7 Dec 2017 | Sebastian Bosse†, Dominique Maniry†, Klaus-Robert Müller, Member, IEEE, Thomas Wiegand, Fellow, IEEE, and Wojciech Samek, Member, IEEE
This paper presents a deep neural network-based approach for full-reference (FR) and no-reference (NR) image quality assessment (IQA). The network is trained end-to-end with 10 convolutional layers, 5 pooling layers for feature extraction, and 2 fully connected layers for regression, making it significantly deeper than existing IQA models. The proposed architecture can be adapted for both FR and NR IQA settings and allows for joint learning of local quality and local weights, i.e., the relative importance of local quality to the global quality estimate. The approach is purely data-driven and does not rely on hand-crafted features or prior domain knowledge about the human visual system or image statistics. The model is evaluated on the LIVE, CISQ, and TID2013 databases, as well as the LIVE In the Wild Image Quality Challenge Database, showing superior performance to state-of-the-art NR and FR IQA methods. Cross-database evaluation demonstrates the model's ability to generalize between different databases, indicating high robustness of the learned features.
The paper discusses the use of deep convolutional neural networks (CNNs) in IQA, highlighting their ability to outperform traditional approaches by allowing end-to-end learning of features and regression. The proposed method uses a CNN architecture inspired by the organization of the primate visual cortex, comprising 10 convolutional layers and 5 pooling layers for feature extraction, and 2 fully connected layers for regression. The model is adapted for both FR and NR IQA by modifying the feature extraction paths and introducing a feature fusion step to allow for joint regression of features extracted from the reference and distorted image. The model is evaluated on various IQA databases, showing superior performance compared to existing methods. The paper also discusses the importance of spatial pooling in IQA, with weighted average patch aggregation showing improved performance in some cases. The proposed method is able to adapt to different distortion types and is shown to perform well on challenging databases such as CLIVE. The results indicate that the proposed method is effective for both FR and NR IQA and has the potential to be used in a wide range of applications.This paper presents a deep neural network-based approach for full-reference (FR) and no-reference (NR) image quality assessment (IQA). The network is trained end-to-end with 10 convolutional layers, 5 pooling layers for feature extraction, and 2 fully connected layers for regression, making it significantly deeper than existing IQA models. The proposed architecture can be adapted for both FR and NR IQA settings and allows for joint learning of local quality and local weights, i.e., the relative importance of local quality to the global quality estimate. The approach is purely data-driven and does not rely on hand-crafted features or prior domain knowledge about the human visual system or image statistics. The model is evaluated on the LIVE, CISQ, and TID2013 databases, as well as the LIVE In the Wild Image Quality Challenge Database, showing superior performance to state-of-the-art NR and FR IQA methods. Cross-database evaluation demonstrates the model's ability to generalize between different databases, indicating high robustness of the learned features.

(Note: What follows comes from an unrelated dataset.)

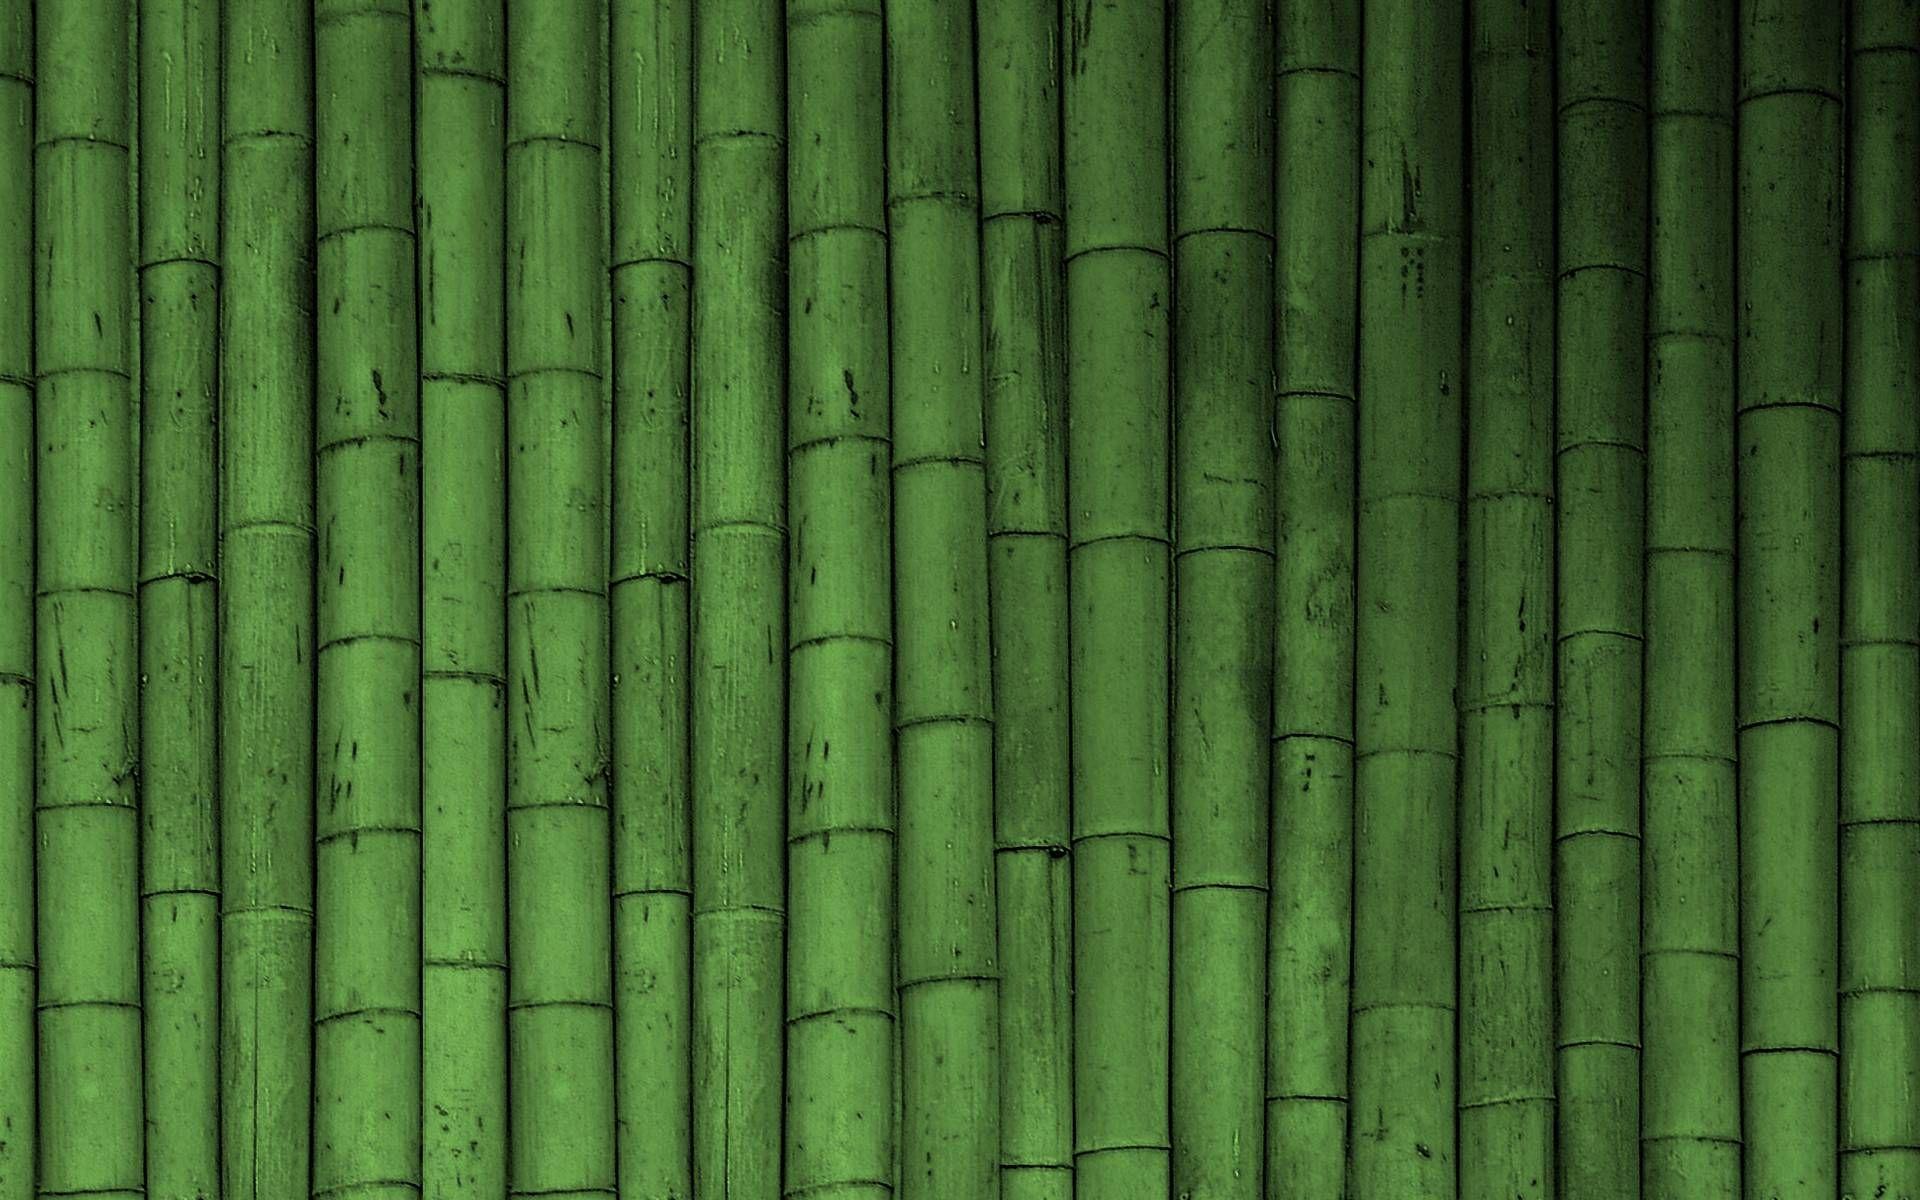 Mobili Bamboo ~ Bamboo desktop wallpapers wallpaper wallpapers pinterest

The paper discusses the use of deep convolutional neural networks (CNNs) in IQA, highlighting their ability to outperform traditional approaches by allowing end-to-end learning of features and regression. The proposed method uses a CNN architecture inspired by the organization of the primate visual cortex, comprising 10 convolutional layers and 5 pooling layers for feature extraction, and 2 fully connected layers for regression. The model is adapted for both FR and NR IQA by modifying the feature extraction paths and introducing a feature fusion step to allow for joint regression of features extracted from the reference and distorted image. The model is evaluated on various IQA databases, showing superior performance compared to existing methods. The paper also discusses the importance of spatial pooling in IQA, with weighted average patch aggregation showing improved performance in some cases. The proposed method is able to adapt to different distortion types and is shown to perform well on challenging databases such as CLIVE. The results indicate that the proposed method is effective for both FR and NR IQA and has the potential to be used in a wide range of applications.